__Records supplied__
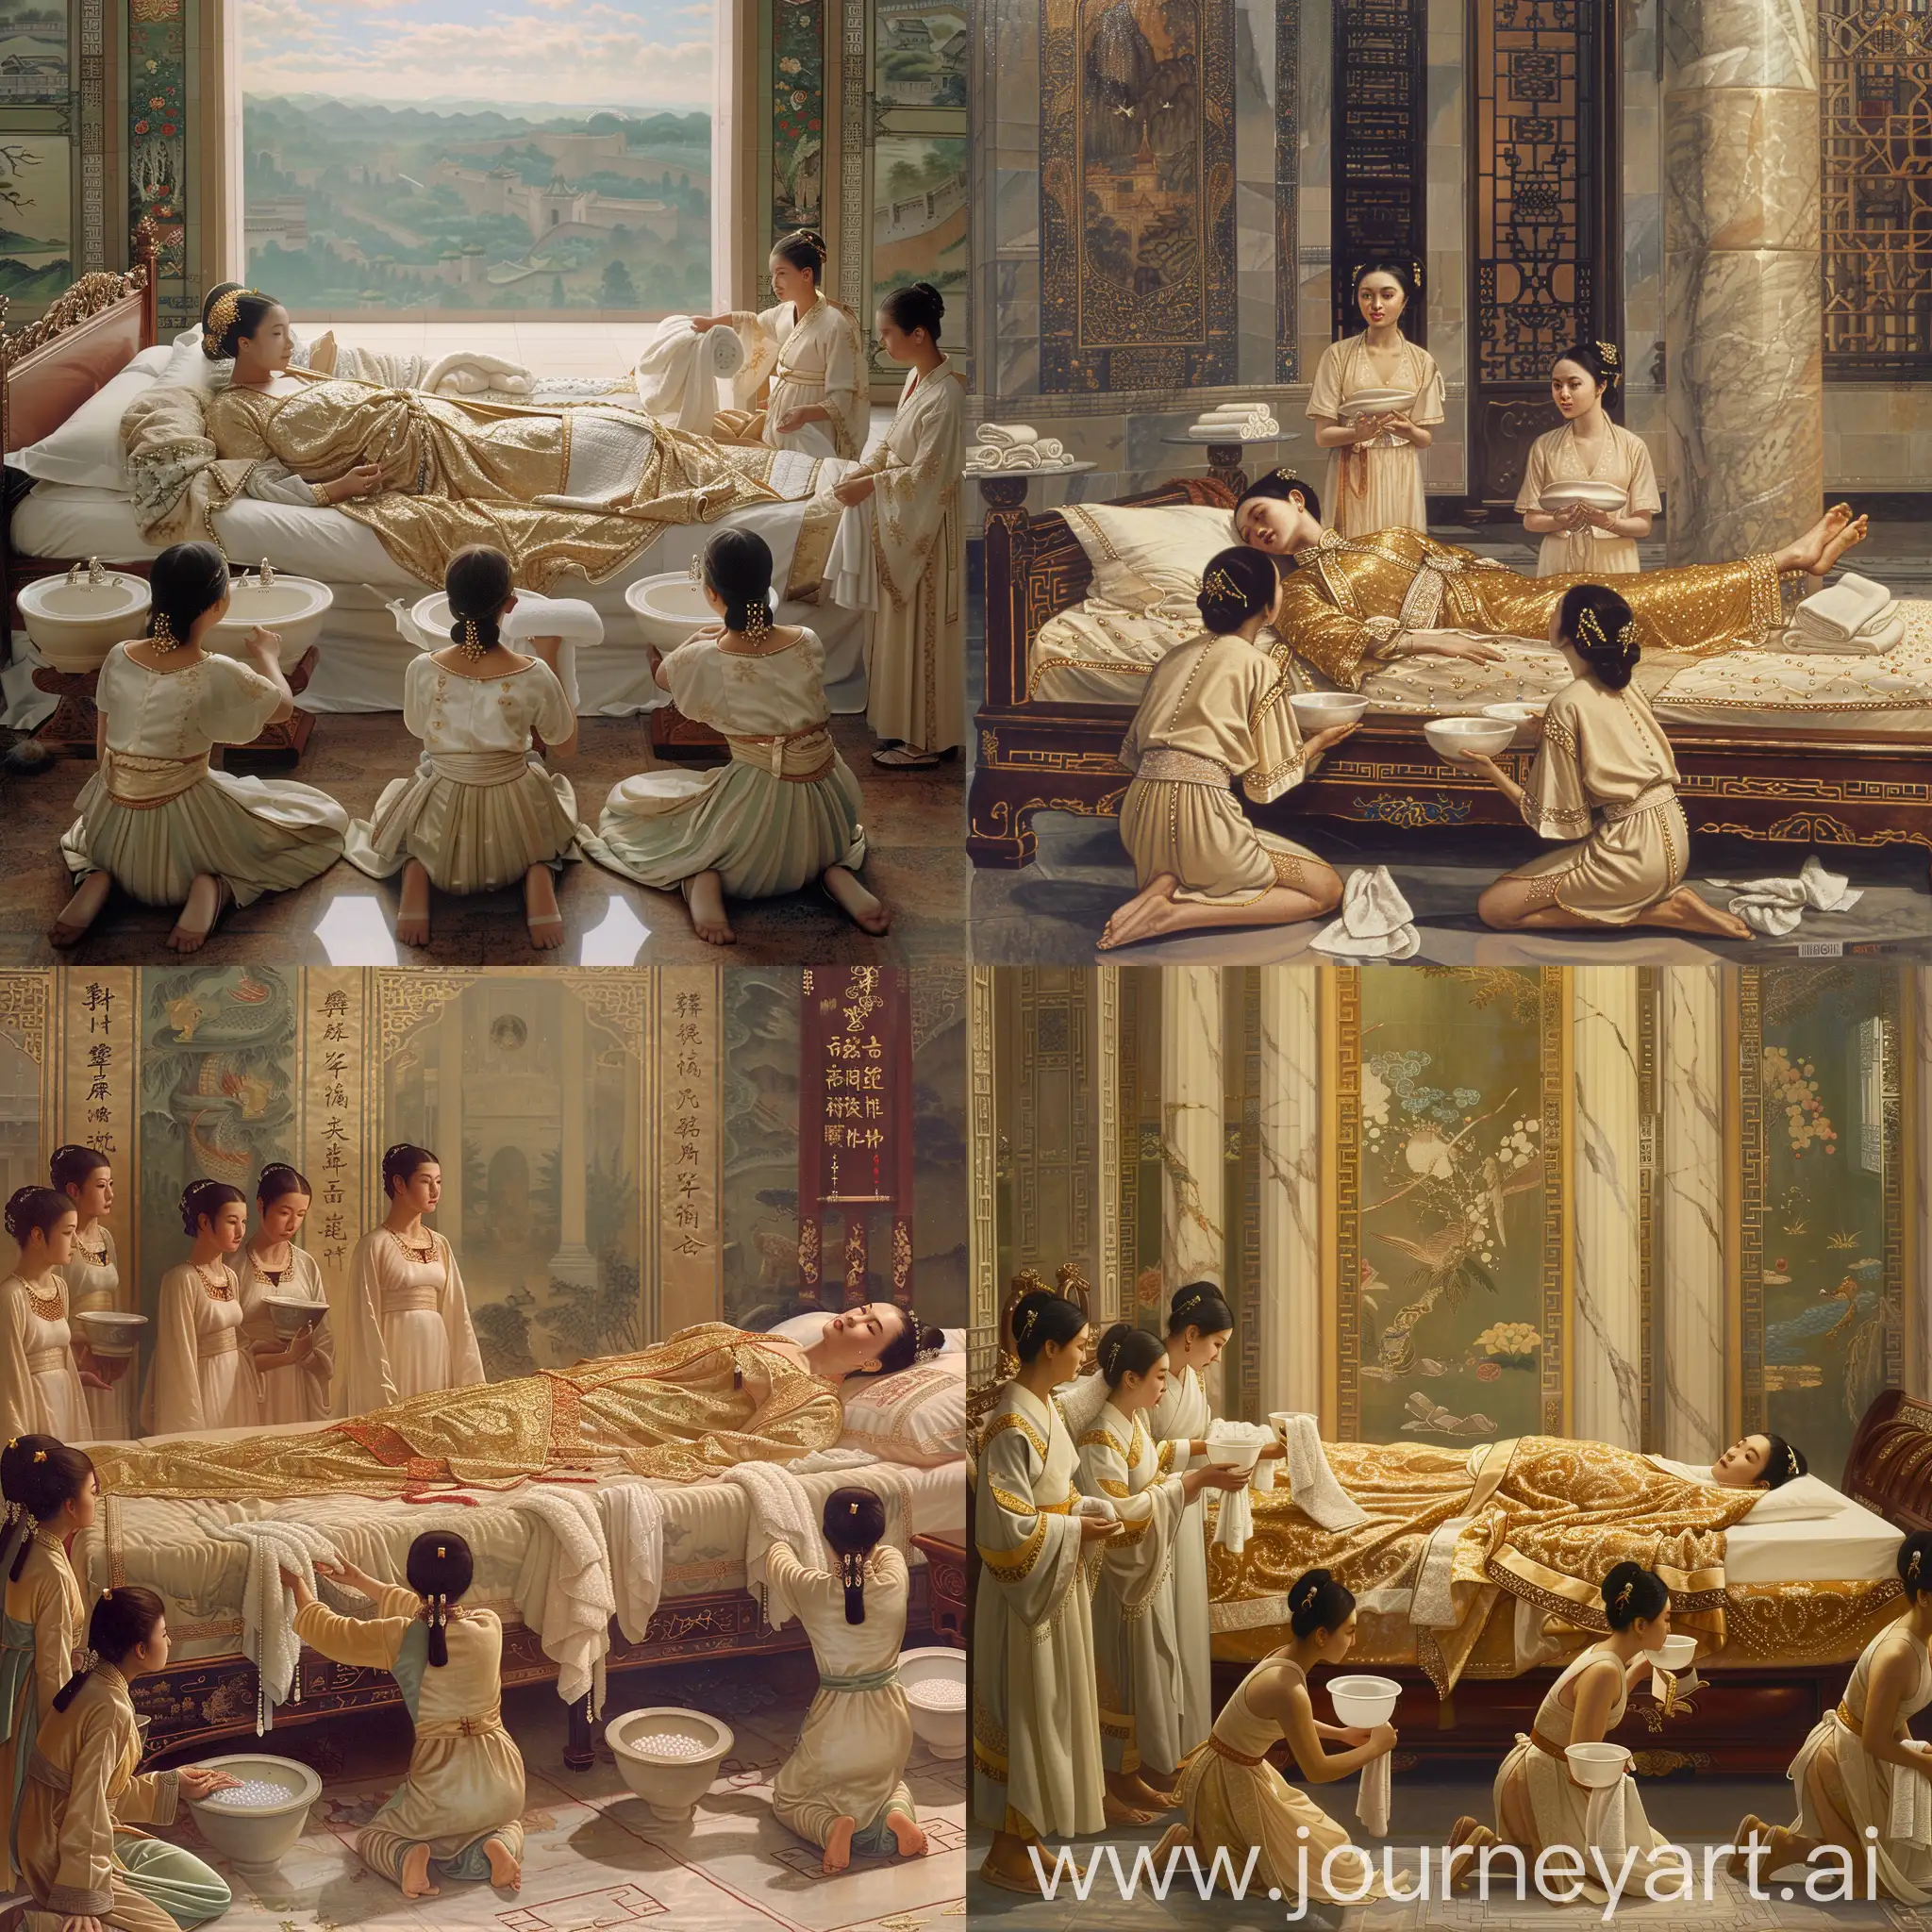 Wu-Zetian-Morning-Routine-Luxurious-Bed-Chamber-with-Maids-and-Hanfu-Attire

* * *

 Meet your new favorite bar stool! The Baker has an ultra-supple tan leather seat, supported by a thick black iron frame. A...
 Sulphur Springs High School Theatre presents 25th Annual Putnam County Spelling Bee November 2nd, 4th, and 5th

==

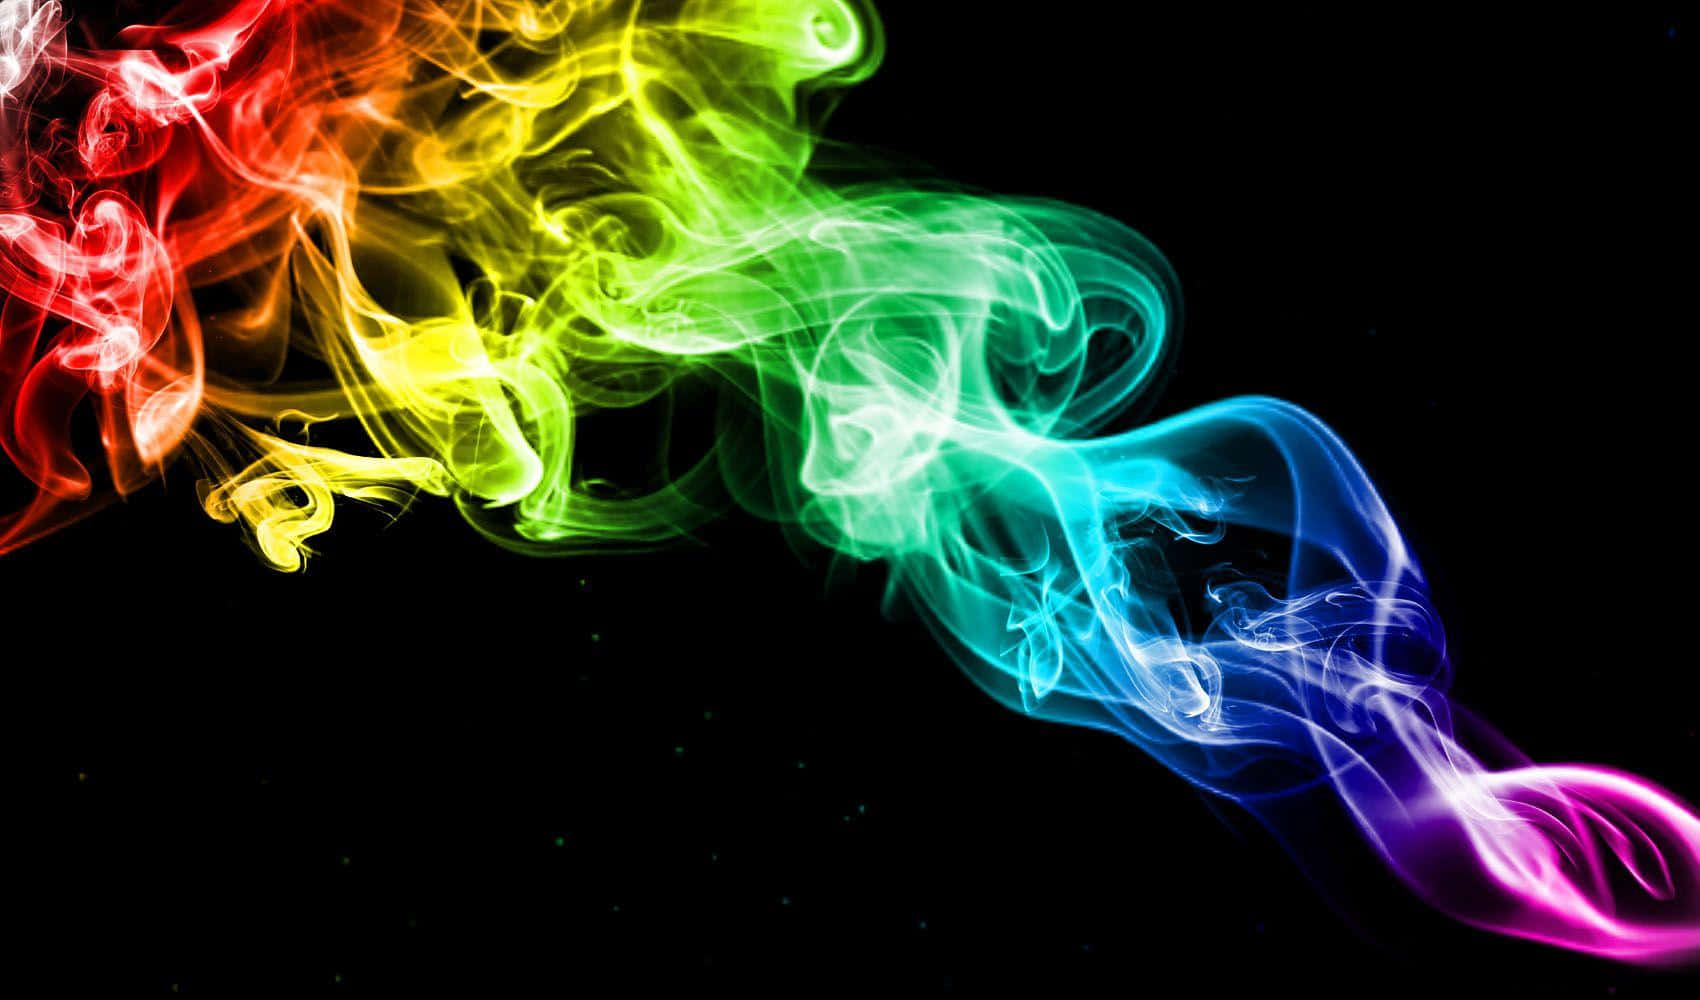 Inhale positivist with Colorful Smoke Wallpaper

__Work to be completed__
From the listing above, repeat exactly the lines starting at the line that includes "Meet your new" and ending at the line that includes "Sulphur Springs High", with nothing outside that span.

__Exercise solution__
 Meet your new favorite bar stool! The Baker has an ultra-supple tan leather seat, supported by a thick black iron frame. A...
 Sulphur Springs High School Theatre presents 25th Annual Putnam County Spelling Bee November 2nd, 4th, and 5th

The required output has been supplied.